Indian tradition marries German rigour in a new cross cultural furniture collection

(Left, ‘Sancha/Block’ dining chair. Right, ‘Tankan/Stroke’ lounge chair)

Pascal Hien and Nikita Bhate first met at Fabrica – a communications research centre near Treviso in Italy – in 2014. Three years later, the two designers present a collaborative project, dubbed ‘Reclaimed Stories’.

A little background context: Hien is a German practitioner concerned with the interstices of user-oriented industrial and artisanal design; while Bhate is a designer interested in creating functional objects relevant to day-to-day life, based in Pune, India. ‘Reclaimed Stories’ combines these remits in an Indian-inspired, handcrafted furniture collection of three armchairs, a sofa and a table.

It’s all objectively beautiful stuff; as solidly practical as it is visually meticulous, imbued with a refined exotic aesthetic that nods to seminal midcentury European design as much as something more wistfully – and willfully – anachronistic.

Take the ‘Tankan/Stroke’ lounge chair. Its fluid curves, shaped by an Indian blacksmith, recall those of the country’s older, heavyweight outdoor iron furniture. But there’s an explicit dualism afforded by the soft, hand-stitched leather upholstery: ‘a simple and bold form,’ the duo states, ‘that conjugates rudimentary and chic’.

(Ayāma’ (Extend) deck chair)

More evocative still is the ­­retro ‘Āyāma / Extend’ deck chair, made from lathe-turned reclaimed wood and featuring extended arms that can be folded into footrests. The design makes subtle nods to the joinery of traditional Sankheda furniture from Gujarat. The region is similarly referenced in the ‘Sānchā / Block’ dining chair: a simple seat with a granite backrest and a wooden seat featuring a design of almost filigree complexity by blockmakers from the town of Pethapur.
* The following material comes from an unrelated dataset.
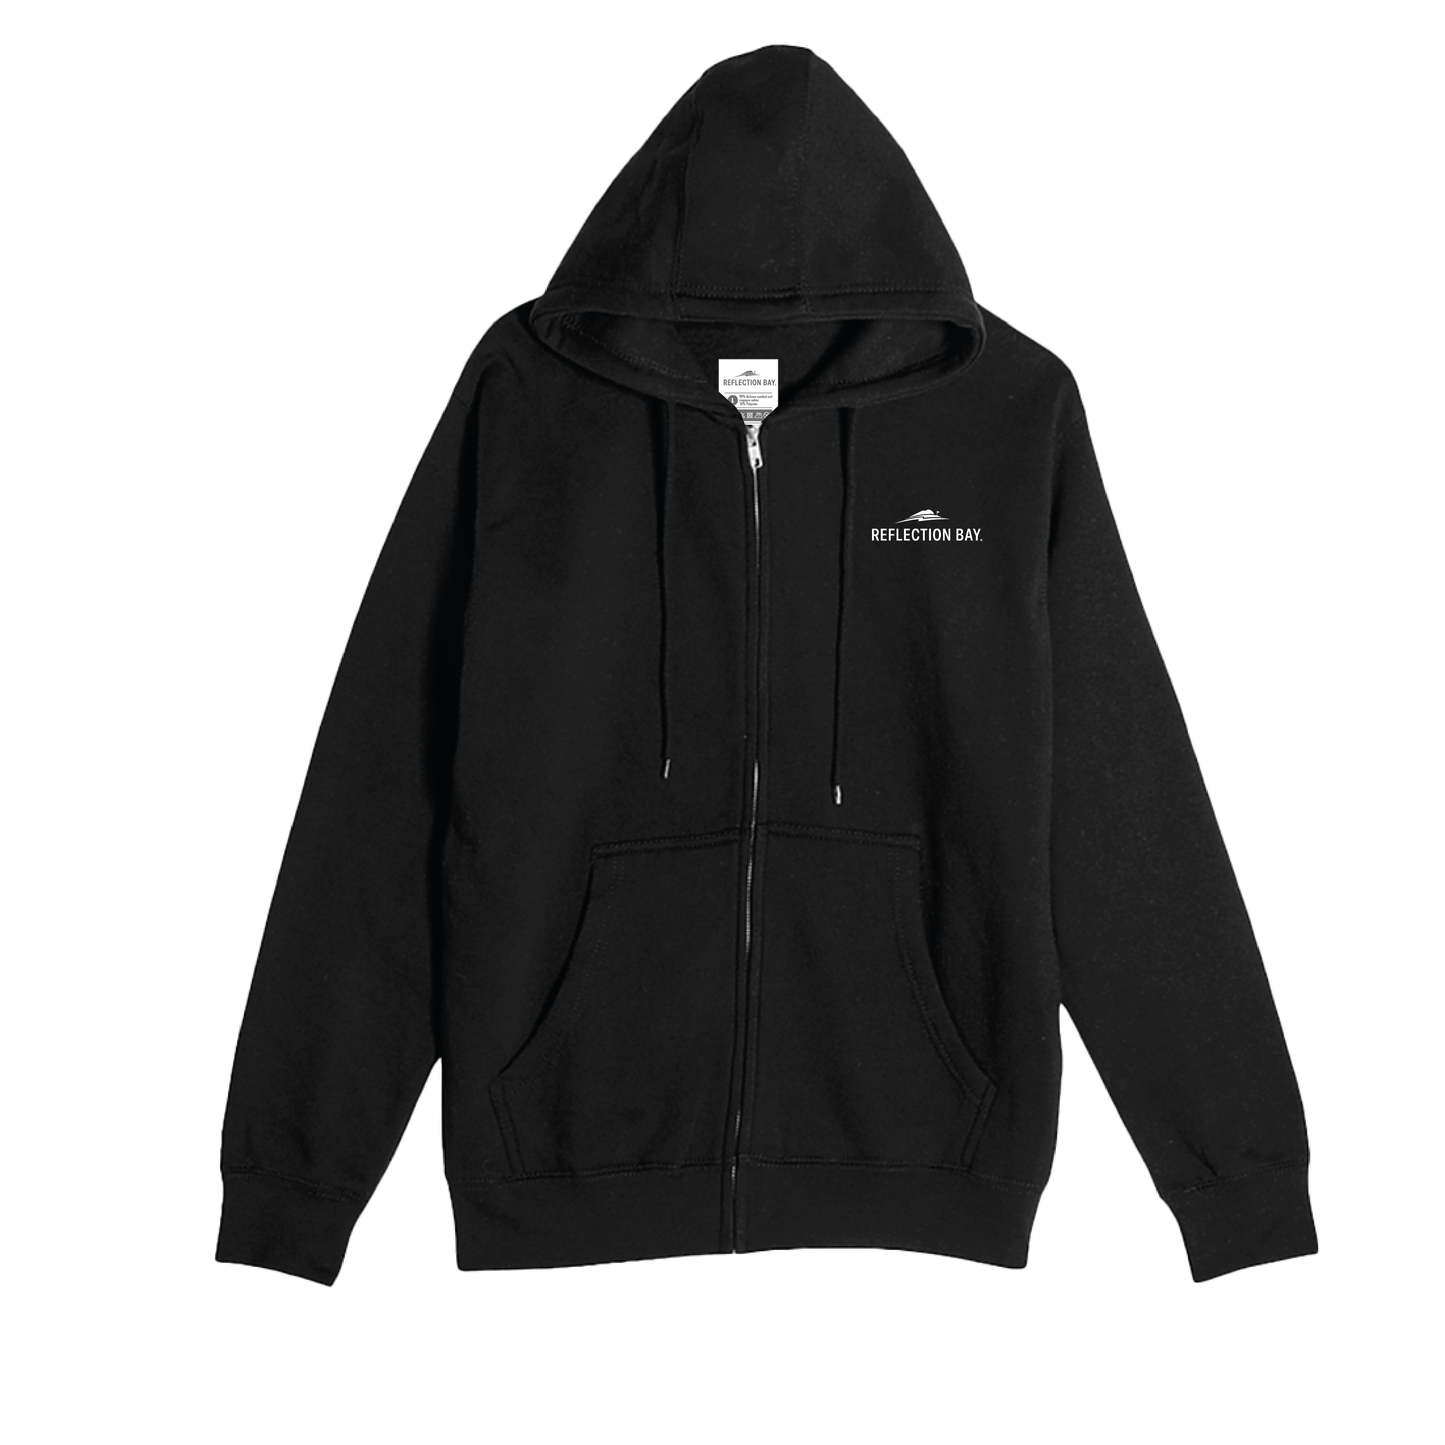 Reflection Bay Premium Unisex Hooded Zip Sweatshirt

Elsewhere, the ‘Barza / Balcony’ lounge sofa sees a solid teak construction with various seating heights and wide, overhanging arm rests that suggest the canny use of space constraints ubiquitous in everyday Indian life (from ‘balconies of apartments to counter overhangs of the street food stalls’, Bhate and Hien suggest). More elaborate decoration is afforded via the illustrated fabric used to cover the backrest, with Lilliputian depictions of folk stories rendered in natural pigments.

Finally, the ‘Dasta / Handle’ dining table is inspired by traditional cultural eating habits; the slab top of stone marble or glass dotted with holes, into which brass door handles can be inserted to create displays for a diverse selection of cuisines and rituals.

(The ‘Dasta/Handle’ table is inspired by traditional cultural eating habits)

With this collection, Bhate and Hien explain, they sought to explore typical ways of living in India, melding traditional and contemporary design in an ‘expression of the harmonious co-existence in the diverse Indian society’. That philosophy might be lofty, but they have as close as succeeded.